Retrofitting the Reloaded pattern into Clojure projects

2013-09-07 clojure

Stuart Sierra has done a great job with clojure.tools.namespace and the reloaded Leiningen template. If you haven’t heard about this before, please have a look at c.t.n’s readme and watch this presentation.

I have retrofitted this pattern into two rather large Clojure projects (20,000 and 5,000 lines) with several modules, and here are some of my findings.

Removing global state

The first step is to find all resources that need to be “lifecycled.” Typical examples are Jetty servers, database/message bus clients, etc. It’s common that these resources are in a (defonce server (atom ...)) form. I tend to grep for defonce and atom to find these items.

Please note that not all defonces/atoms need to be lifecycled. Some of them can be safely “dropped” when you un/reload the namespace. In this case, you can leave them as (def thing (atom ...)). The rule of thumb is to lifecycle the ones that create system-wide resources, like network ports, message queue channels, etc.

After you find your candidates, you should replace them with defrecords implementing some kind of LifeCycle protocol. Here’s a version I use:

(ns lifecycle)

(defprotocol LifeCycle
  (start [this])
  (stop [this]))

(defn start-system [system]
  (doseq [s (->> system :order (map system))]
    (start s)))

(defn stop-system [system]
  (doseq [s (->> system :order (map system) reverse)]
    (stop s)))

The records themselves hold their state (typically in an atom) which gets updated by the start and stop functions. Here’s an example:

(defrecord JettyServer [cfg state]
  LifeCycle
  (start [_]
    (reset! state (jetty/run-jetty my-site {:port (:port cfg) :join? false}))
  (stop [_]
    (when @state
      (.stop @state)
      (reset! state nil))))

(defn create-jetty [cfg]
  (->JettyServer cfg (atom nil)))

Turning your global state into lifecycle records is the most intrusive part of this whole operation, expect to touch quite a few files.

Creating the system

After you create these records, you need to create (and start) your system (the collection of the lifecycled records). This will most likely be done in two places: in your app’s “main” function and in the user namespace (more on REPL usage below).

(defn create-system [cfg]
  {:jetty (create-jetty-server cfg)
   :rabbit (create-rabbitmq-channel cfg)
   :order [:rabbit :jetty])

(defn app-main []
  (let [cfg (config/create-config)
        system (create-system cfg)]
    (start-system system)
    ;; (.await) / (.join) / (deref) etc...
    (stop-system system)))

Simple huh?

Dealing with omnipresent / implicit databases

One thing you’ll find while removing these atoms is all the places in your code where a database / connection is “assumed”. This leads to quite brittle code, which is also hard to test since you have to set everything up in the correct order. In some cases you set a global db connection in the db library but you can also have lots of code that uses that global atom you just removed!

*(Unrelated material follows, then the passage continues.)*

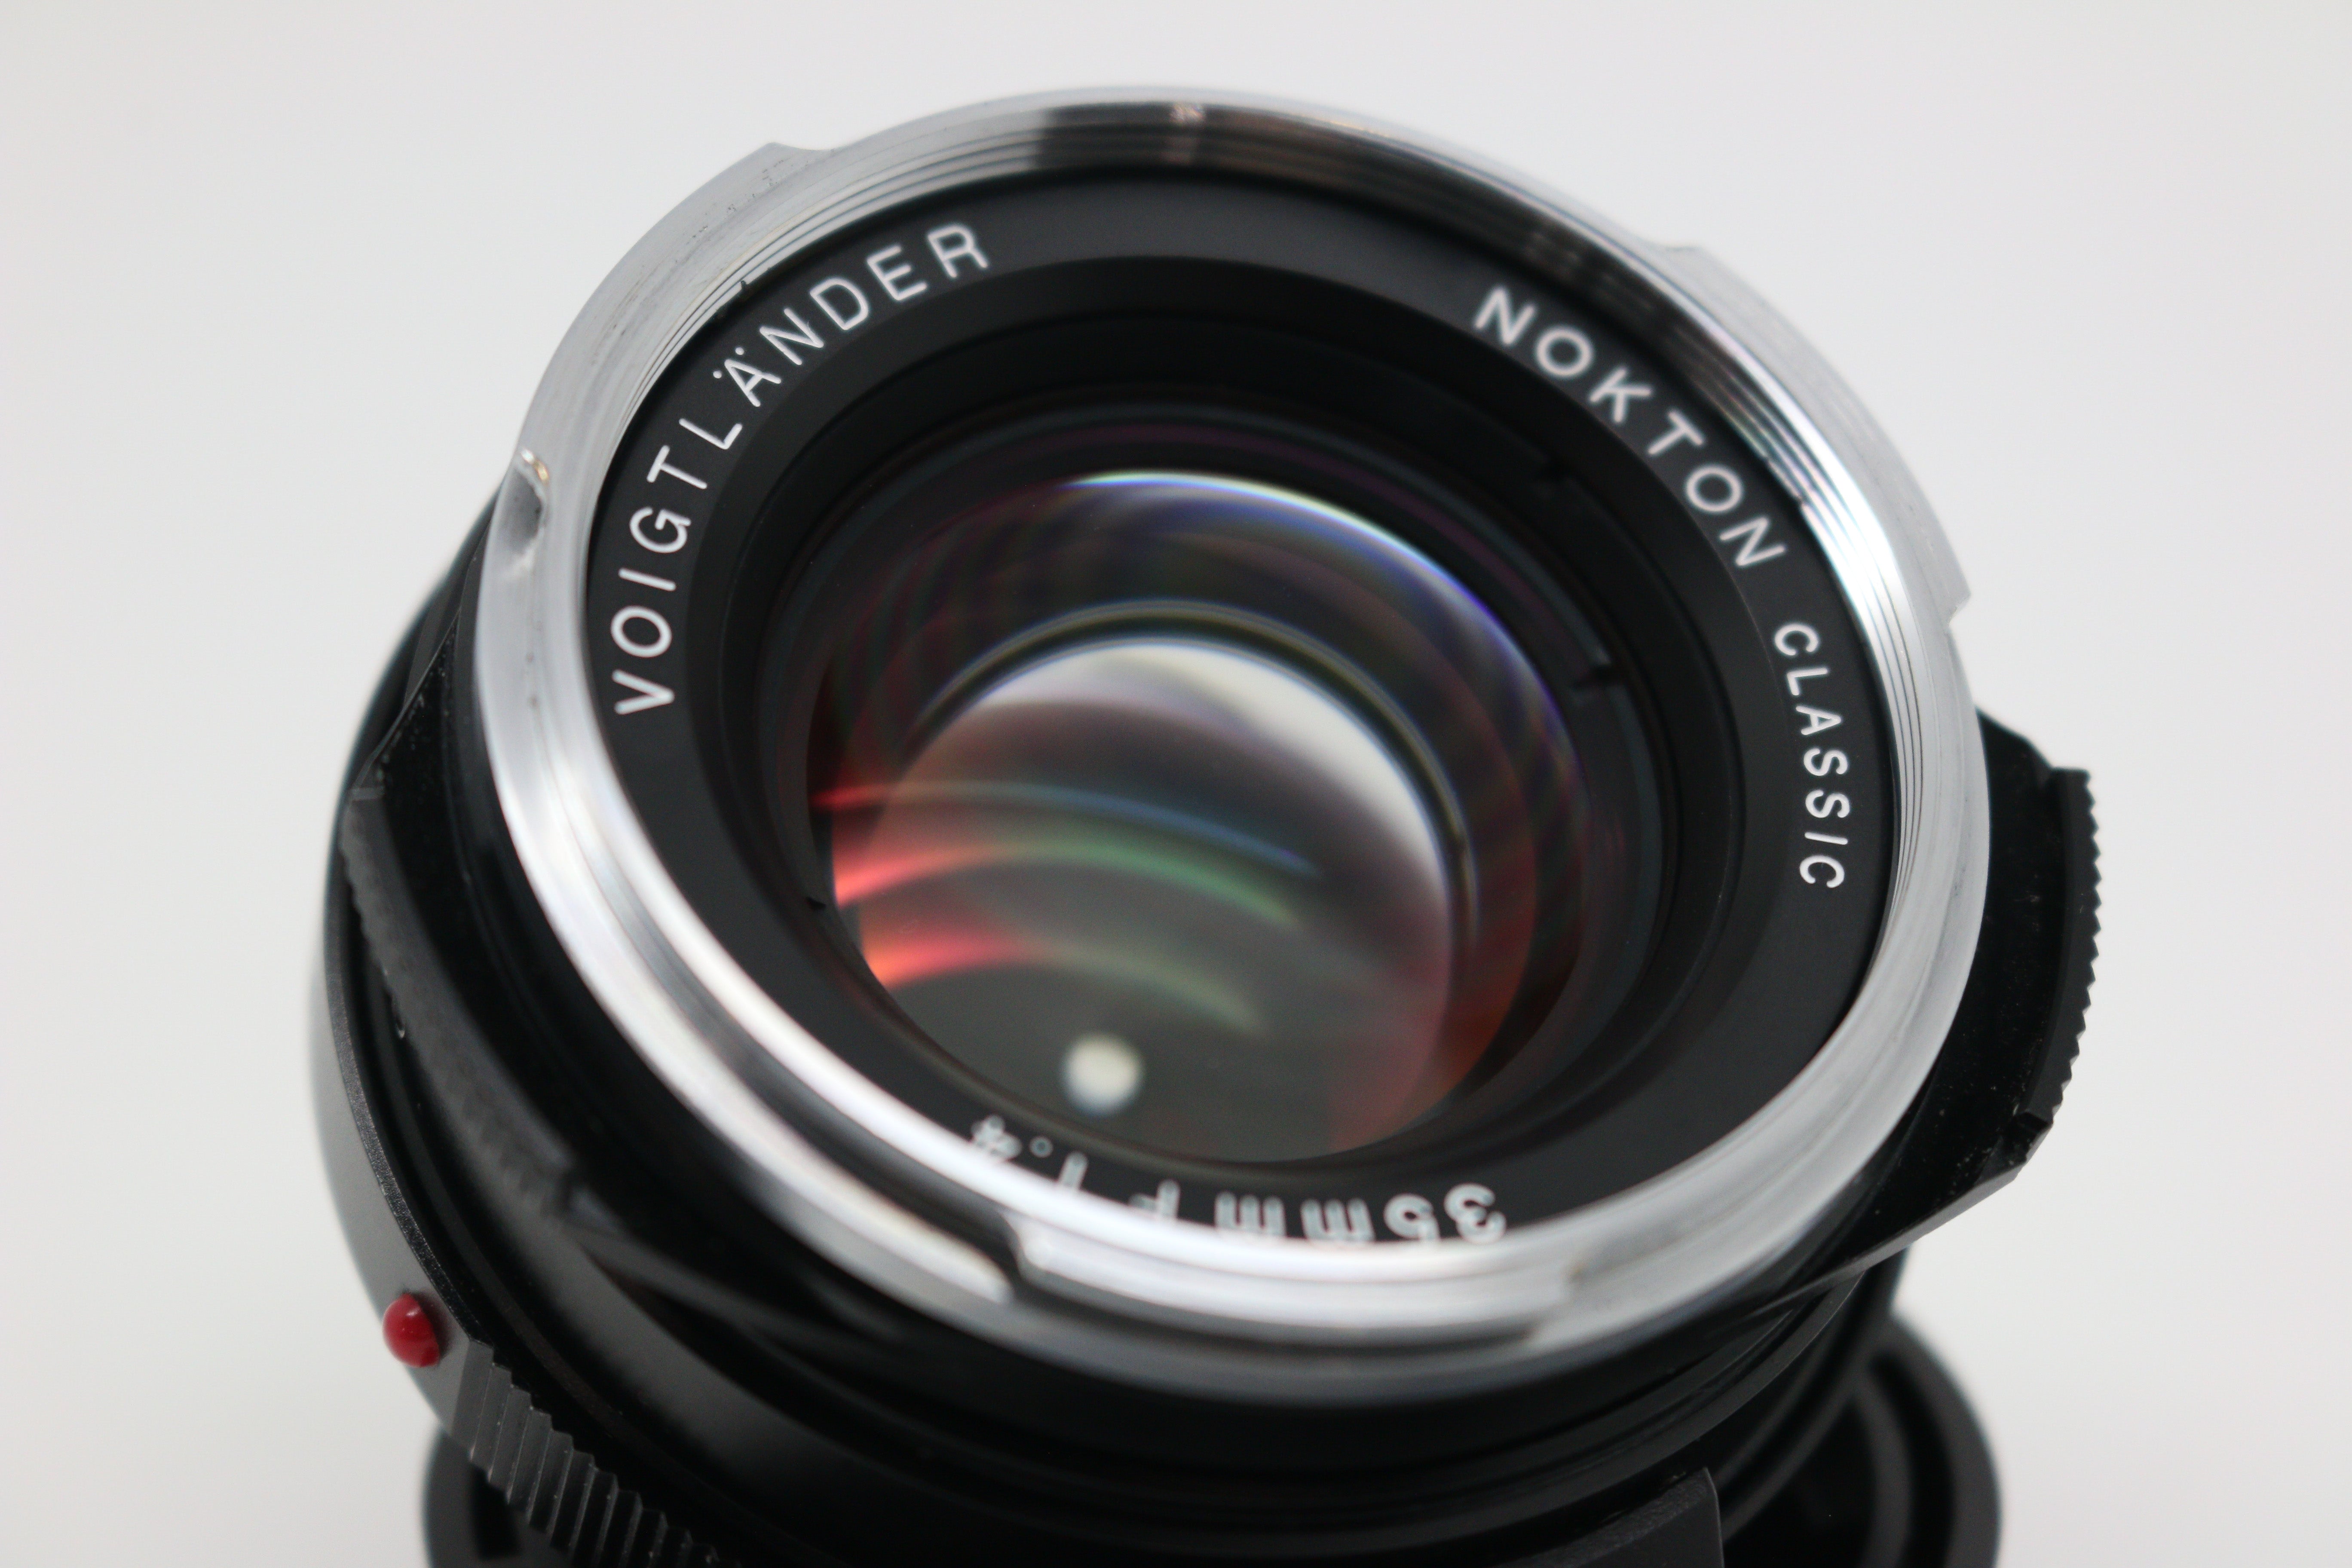 Voigtländer 35mm f/1.4 NOKTON Classic (MC) Lens

When retrofitting this pattern into existing codebases, having the system passed around everywhere can be a big change. Furtunately you can cheat a little here, and still get all the REPL benefits. A compromise I’ve settled on is after the resource have been lifecycled in a record as described above, I put a dynamic var where the atom used to be. Then the start/stop functions does a alter-var-root on this var, and test fixtures can (safely) bind it. This doesn’t solve the fundamental problem of implied resources, but it does let me move on and get the REPL environment I want (without terrifying my co-workers with a monumental pull request).

Removing class files from the jar

If you have a :main (and :aot) key in your project.clj you might have noticed that you have quite a few .class files in your jar. This is usually not a big deal, but it causes problems for clojure.tools.namespace since it can’t unload these namespaces correctly.

One method to minimize the class files in your jar is a namespace containing your new entry point:

(ns app
  (:gen-class))

(defn -main [& args]
  (require 'myapp.core)
  (eval `(apply myapp.core/old-main ~args)))

Note that this namespace doesn’t require any other in the ns macro, this means you’ll only get class files for this namespace in your jar.

Dealing with dependant services

Now, your application probably consist of more than one service. So you’ll have to apply the steps described above to all of them. Then, in order to maximize your REPL productivity you want to include and control all the services your current project interact with. This is only done in the :dev profile, since you wouldn’t do this in the “real” entry point of your service.

To make this work you need 2 things: Add a leiningen dependency to these services (under the :dev profile) and soft links to their folders in the current projects checkouts folder. The reason for the dependency is that we want to pull in all of the sub-projects dependencies (in the REPL) and checkouts is where we will do our edits.

This means that you are probably going to need a local nexus / archiva / clojars. Then have your CI system do a lein deploy after each successful build.

user.clj

The final piece is to add the reloaded template’s user.clj to your project. Simply copy reloaded’s user.clj into dev/user.clj and do some modifications to it. You want to require the namespace with your create-system function, and do a (alter-var-root #'system (fn [_] (system/create-system))) in the init function. Then add the (lifecycle/start-system system) in start (and the equivalent for stop).

That takes care of managing the lifecycle of the current service. If you are dependant on others (as described above) you should create and start/stop them here as well. In this case change the user/system to a map with a key / value for each of the sub-systems you have.

Finally add :repl-options {:init (user/go) to project.clj (once again under :dev) to launch the entire system when you “jack-in”.

Your new workflow

For maximum flexibility I tend to always “jack-into” the project at the “top” of the hierarchy. This means that I will have control over all other services from the REPL, and I can work on any of them without ever bouncing the REPL. I’ve found this to improve my productivity and remove alot of annoyances of slow startup times, so it’s defenately worth the effort.

Good luck refactoring!